Per garantire l’osservanza della ortodossia continuò ad essere utilizzato il processo inquisitorio. In mano ai padri di san Francesco durante tutto il Cinquecento, esso servì in primo luogo per colpire le eresie filo protestanti. Nel nostro territorio la presenza di eretici non dovrebbe, però, essere stata molto diffusa, perché i casi di cui è rimasta notizia sono pochi e per lo più limitati a Santarcangelo, e mancano notizie di norme contro i possessori di libri eretici.
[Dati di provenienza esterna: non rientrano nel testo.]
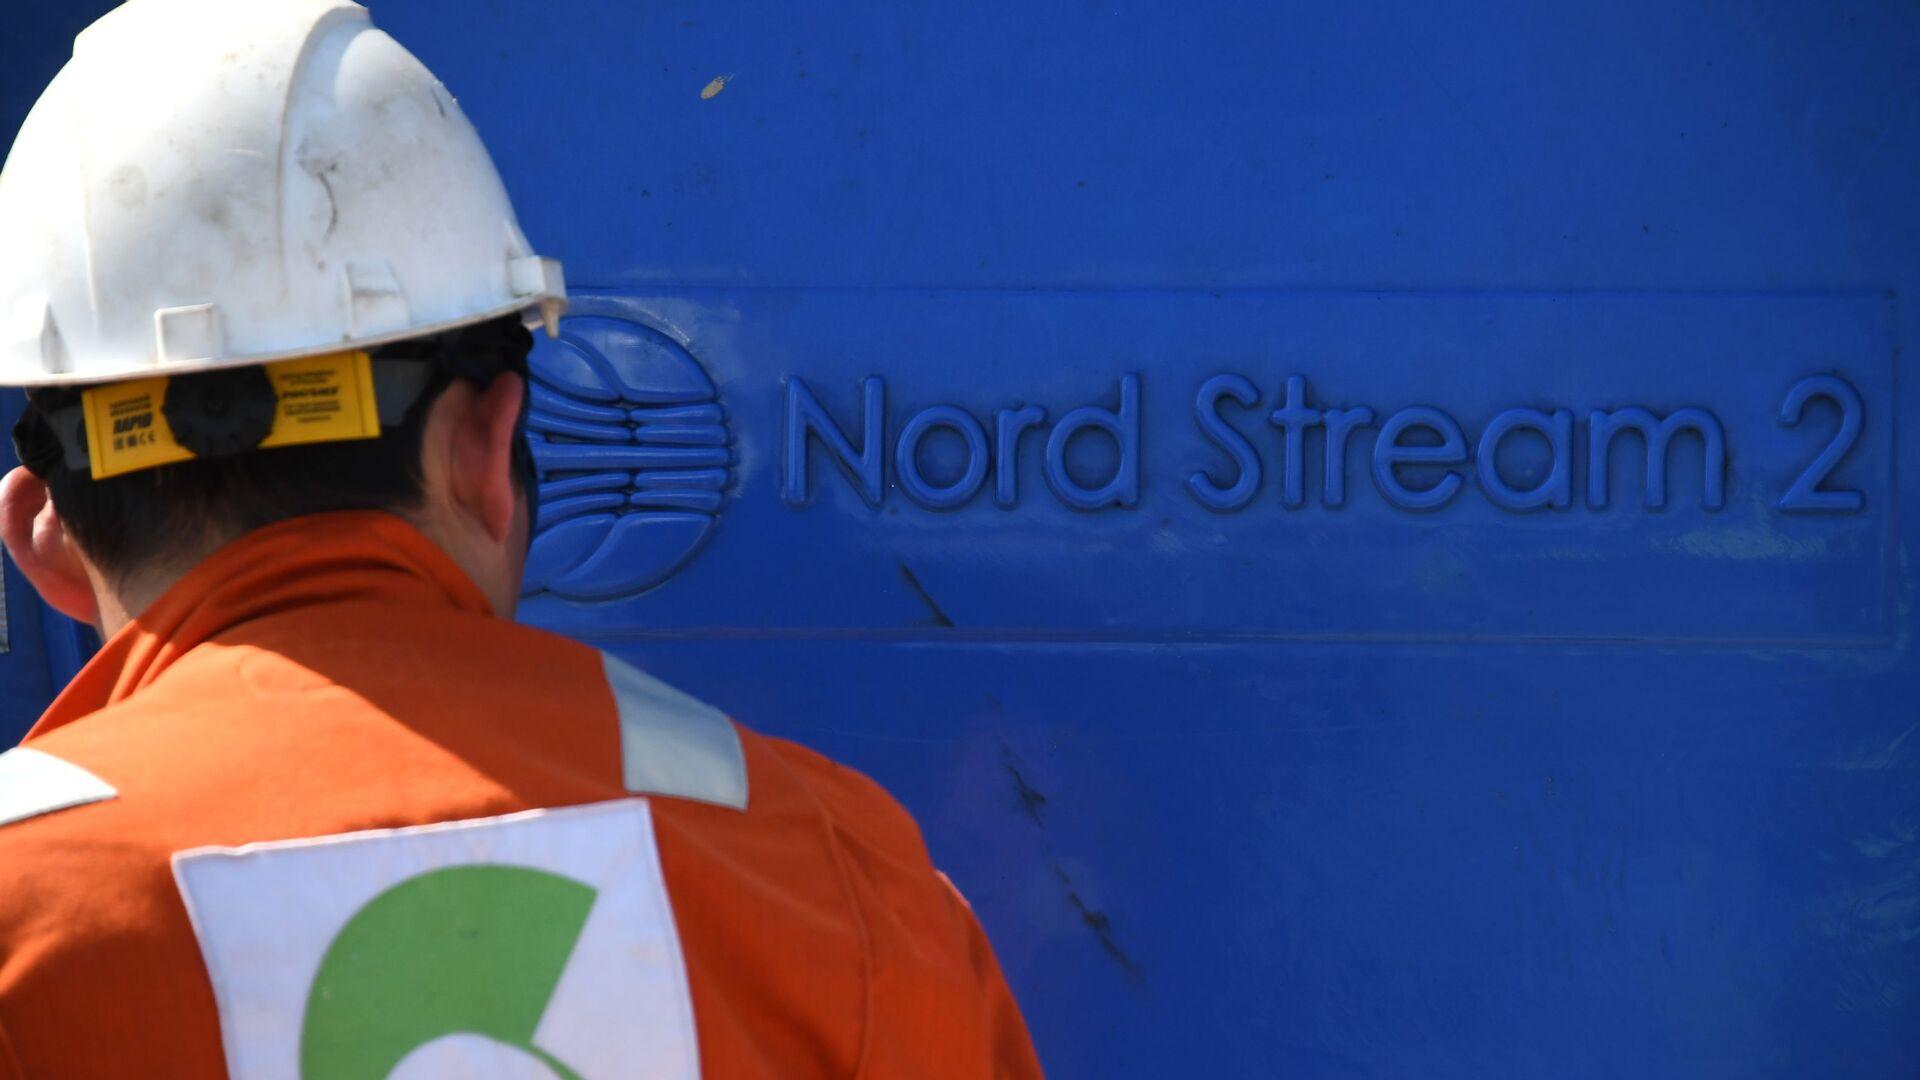 Budowa Nord Stream 2 - Sputnik Polska, 1920, 07.02.2021
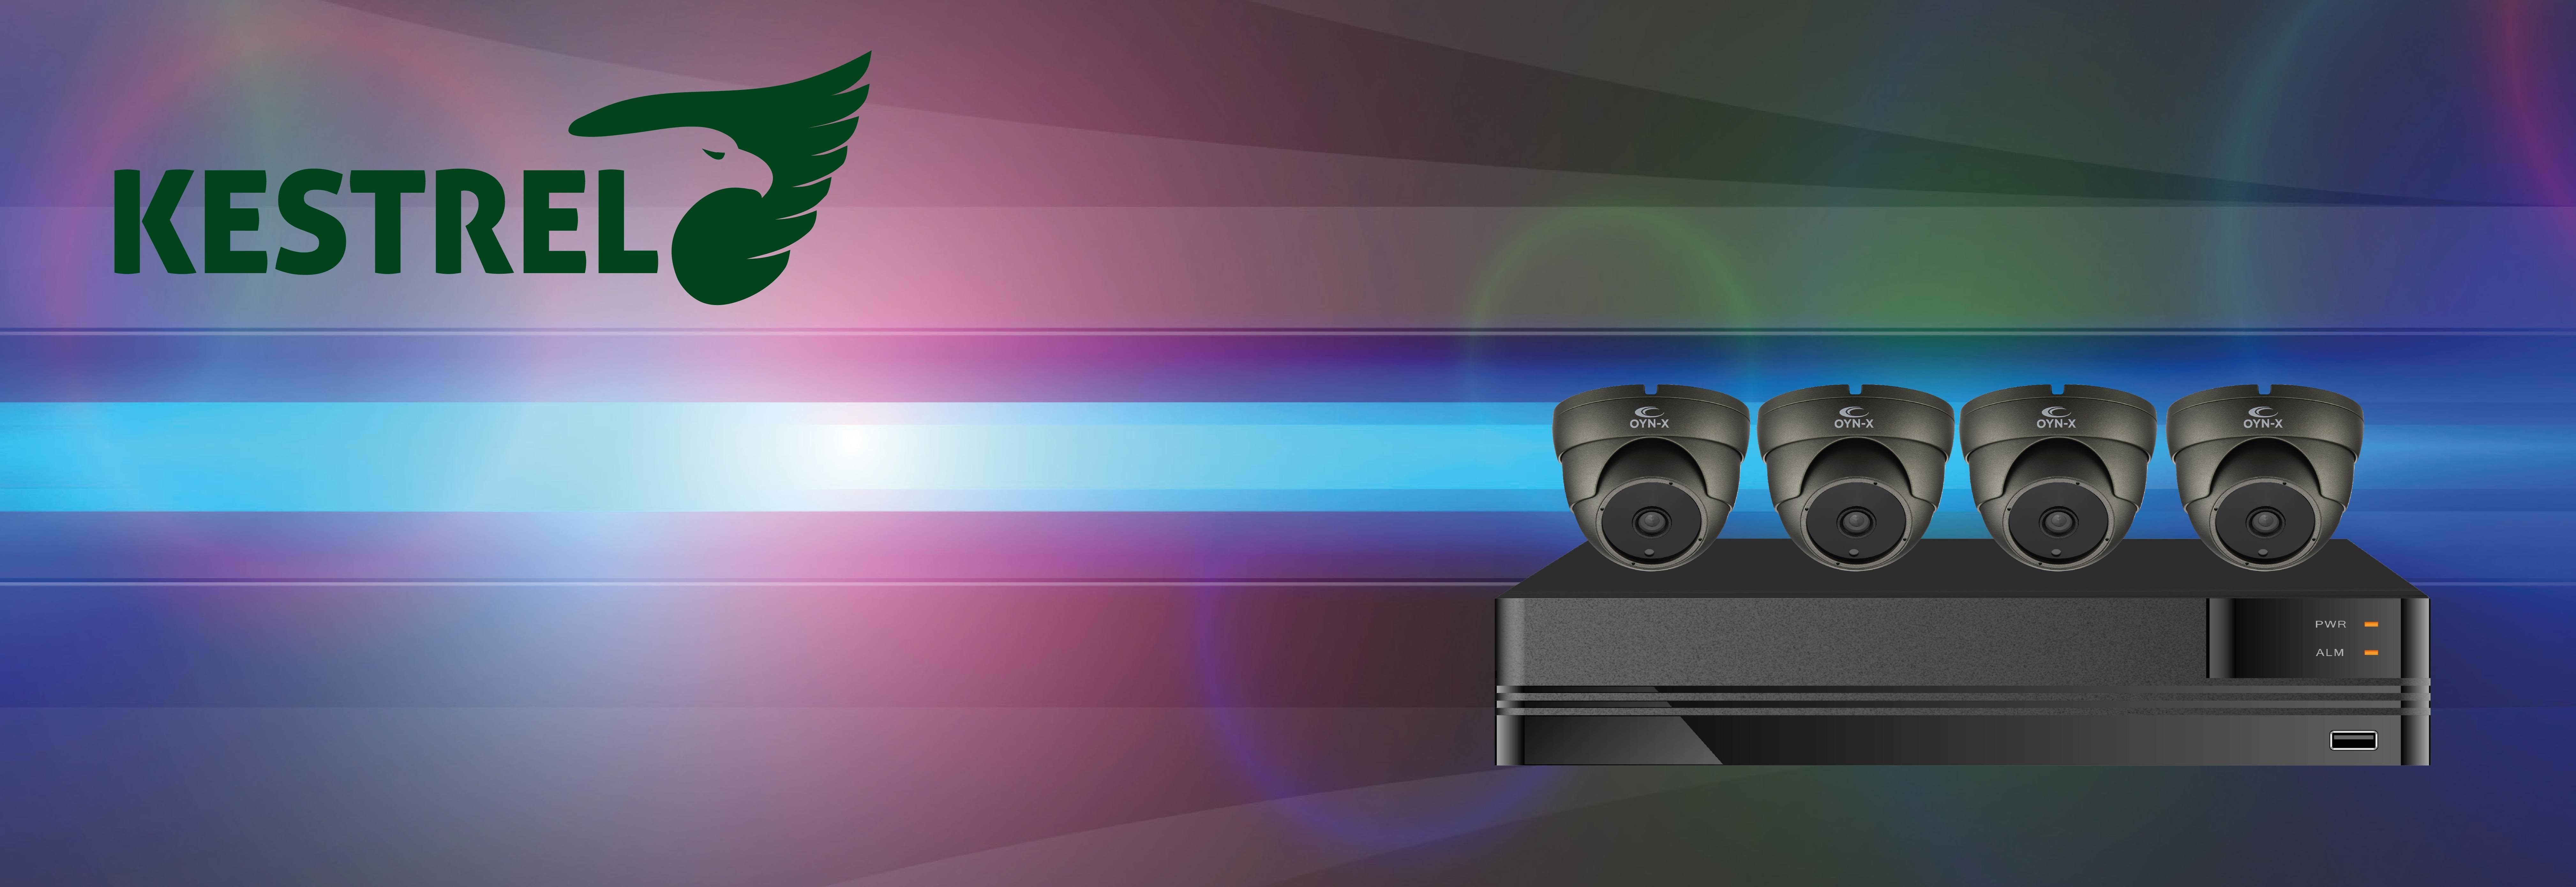 Alert Electrical - OYN-X Kestrel 5MP Analogue CCTV Systems

Continuavano, a circolare, invece, libri di magia, anche se a Rimini non sono attestati casi di magia diabolica e stregonesca, perché semmai, come già detto, ci si limitava a ricorrere allo “strepitare delle campane”, all’utilizzo di “reliquie portentose” e a tutta una serie di pratiche legate all’inizio della buona stagione e propiziatorie della fertilità dei campi. Permanenza di riti di origine pre-cristiana piuttosto che vere e proprie eresie.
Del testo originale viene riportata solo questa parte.